As Justice Souter made the point for a unanimous Supreme Court in Digital Equipment v. Desktop Direct, 511 U.S. 863, 868, 114 S.Ct. 1992, 128 L.Ed.2d 842 (1994):
[W]e have also repeatedly stressed that the “narrow” exception should stay that way and never be allowed to swallow the general rule.
(Emphasis supplied).
In 2006, the Supreme Court once again affirmed the narrow compass of the doctrine in Will v. Hallock, 546 U.S. 345, 350, 126 S.Ct. 952, 163 L.Ed.2d 836:
[W]e have not mentioned applying the collateral order doctrine recently without emphasizing its modest scope. ․ [A]lthough the Court has been asked many times to expand the “small class” of collaterally appealable orders, we have instead kept it narrow and selective in its membership.
(Emphasis supplied).
False Lights on the Shore
Occasionally opinions that promise to be enlightening expositions of the collateral order doctrine suddenly veer off in an unexpected direction.

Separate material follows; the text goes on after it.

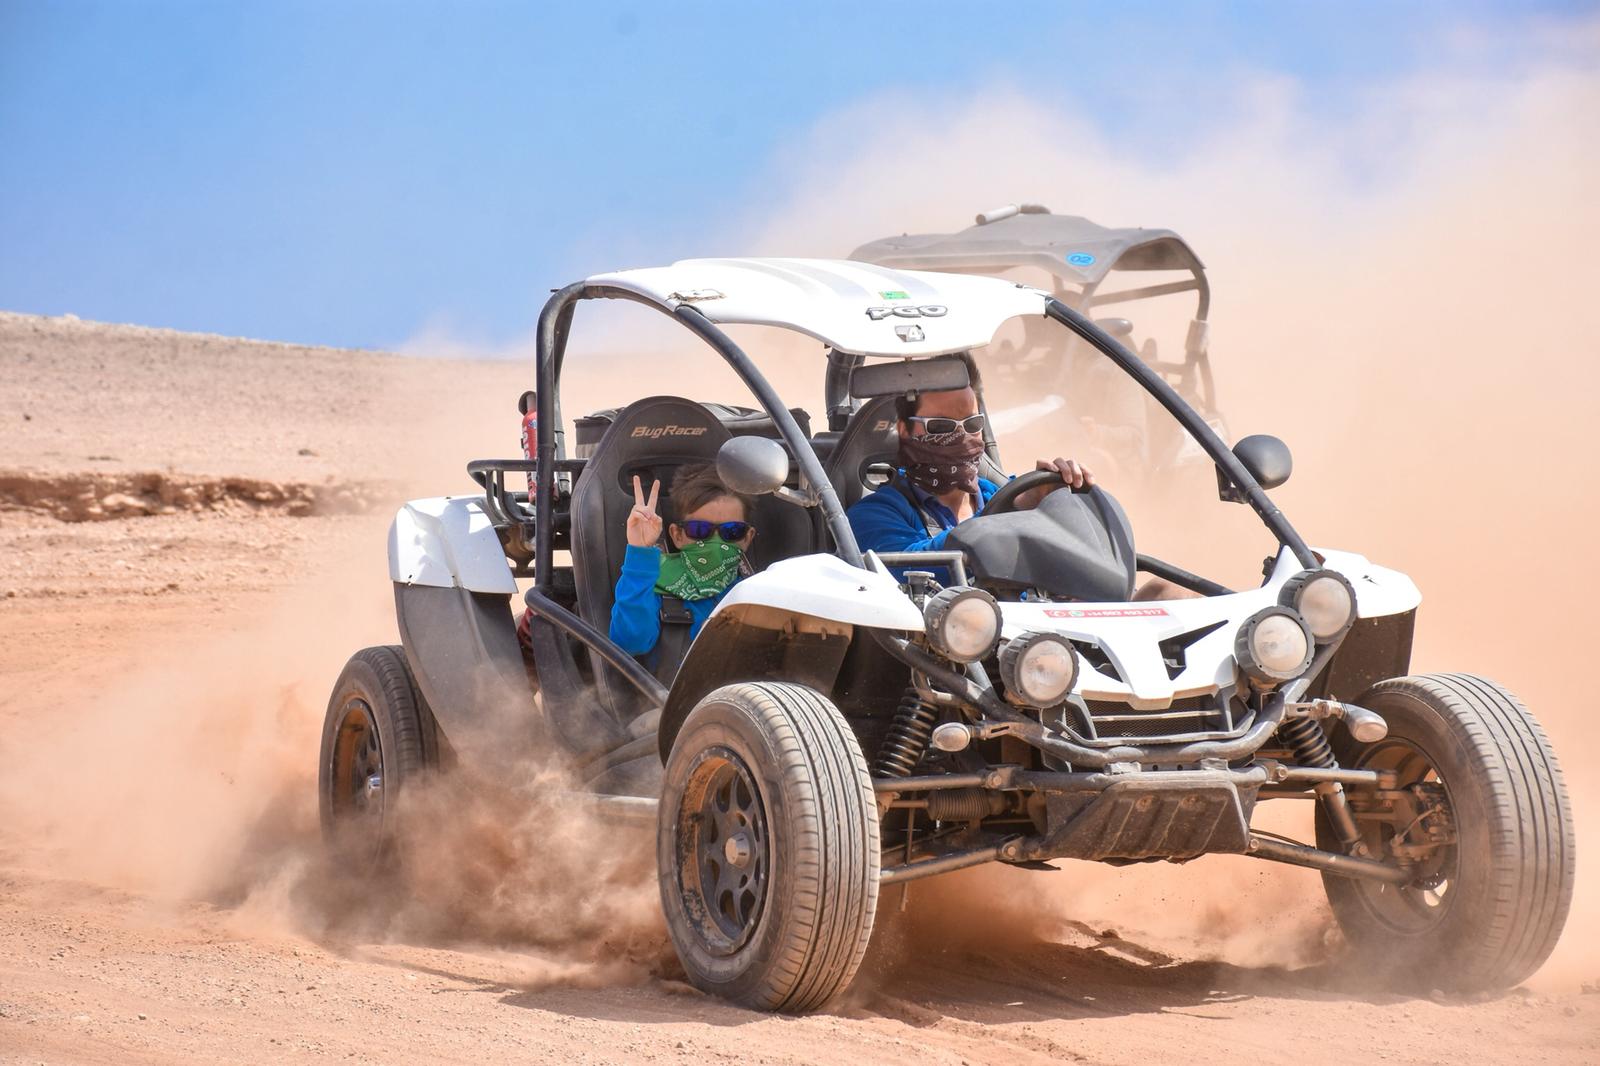 the buggy your hotel you will to the through the your buggy at the back to start your and a les desert ride tripadvisor will dunes guide berber hotel photos

When that happens, the reader needs to be especially alert. A ruling as to a third party with no connection, or with only the most attenuated connection, to the main case sometimes turns out to be appealable not because of the collateral order doctrine, but because the ruling was truly a final judgment in and of itself with respect to that third party. It was of this phenomenon that the Court of Appeals spoke in Horsey v. Horsey, 329 Md. 392, 401, 620 A.2d 305 (1993):
Contrary to the view expressed by the defendant and the Court of Special Appeals in this case, a trial court's order sometimes may constitute a final appealable judgment even though the order fails to settle the underlying dispute between the parties. Where a trial court's order has “the effect of putting the parties out of court, [it] is a final appealable order.”

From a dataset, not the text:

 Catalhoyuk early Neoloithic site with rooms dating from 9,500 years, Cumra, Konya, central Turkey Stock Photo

Several illustrative cases which were ultimately held to be true final judgment cases rather than cases calling for analysis under the collateral order doctrine, although that doctrine had been initially invoked, are St. Joseph Medical Center v. Cardiac Surgery Associates, 392 Md. 75, 88-91, 896 A.2d 304 (2006); Baltimore City Department of Social Services v. Stein, 328 Md. 1, 12-13, 612 A.2d 880 (1992); Ashcraft & Geral v. Shaw, 126 Md.App. 325, 340-42, 728 A.2d 798 (1999). An opinion that fully explores both possibilities is Town of Chesapeake Beach v. Pessoa, 330 Md. at 750-57. Close attention to the context is called for in reading such opinions, for the contexts sometimes shift in mid-opinion.
This is precisely the tricky shift in context that the appellant presents us with in her reply brief. There is a critical distinction between the ultimate merits of a compelled breach of the attorney-client privilege, on the one hand, and the threshold question of whether those merits are immediately appealable, on the other. The substantive fact that one might ultimately prevail on the merits has nothing to do with the temporal issue of when those merits may be appealed. Indeed, the very possibility of ultimately prevailing is a contraindication of immediate appealability.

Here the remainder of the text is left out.